The European Commission has stated that aligning national animal welfare legislation with EU law is a prerequisite for EU membership. Many international animal welfare organisations cite Bosnia as one of the countries with the most instances of horrific animal cruelty and suffering and thus membership should not be obtained by Bosnia until radical changes are made regarding animal welfare.
A number of MEPs have raised and continue to raise the issue about the need for countries seeking to acquire EU membership to demonstrate standards of animal care, and thus it is mandatory that conditions at shelters in Bosnia Herzegovina are drastically improved and that humane stray dog control systems are implemented throughout the country.

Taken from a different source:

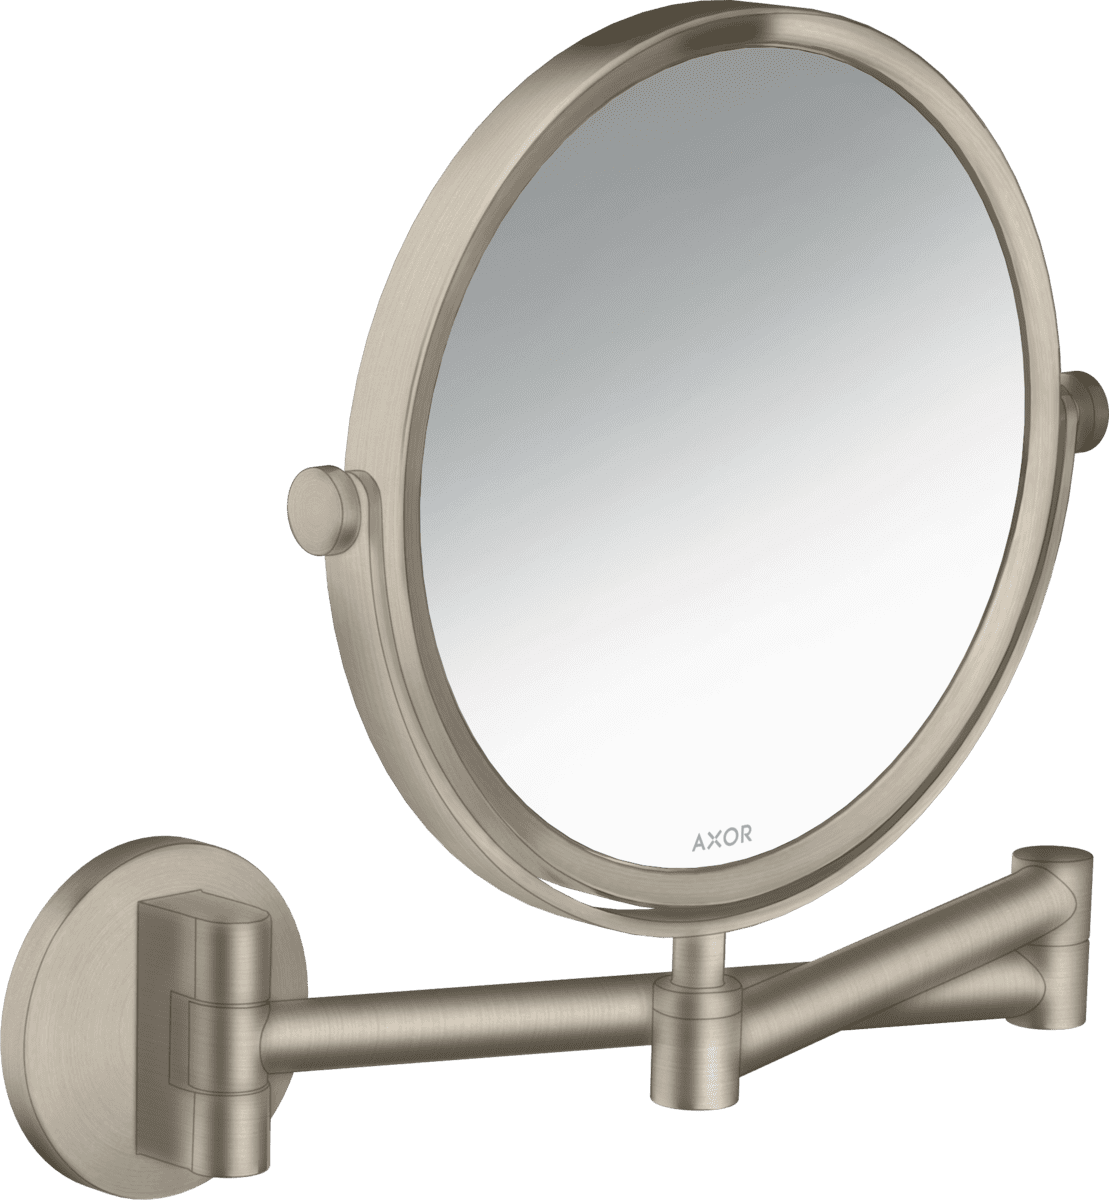 εικόνα του HANSGROHE AXOR Universal Circular Shaving mirror #42849820 - Brushed Nickel

Also, and with deep respect to the Bosnian Parliament, a significant body of evidence now exists to show that exposure to animal abuse impacts on children's psychological health (http://makingthelink.wix.com/a-time-for-change#!project-partners/ci4f) and as the Bosnian Parliament is aware, whereas any strategy affecting homeless animals is not within the EU remit of responsibility, under the Treaty of Lisbon, the EU has a Duty of Care to protect human health. Licensing slaughter on the streets will expose children to health affecting stimuli and would be inconsistent with EU policies. One would expect Bosnia to postpone application for EU Membership until the last animal is killed.
We urge the EU to please remind the Bosnian Government of their obligations to comply with EU-standards on animal welfare, including the humane control of stray animal populations, and to tell them to immediately drop the idea of killing all homeless animals two weeks after captures.
Thank you very much, in advance, for the time taken to read our message, and for taken the necessary measures regarding the matter that we have raised.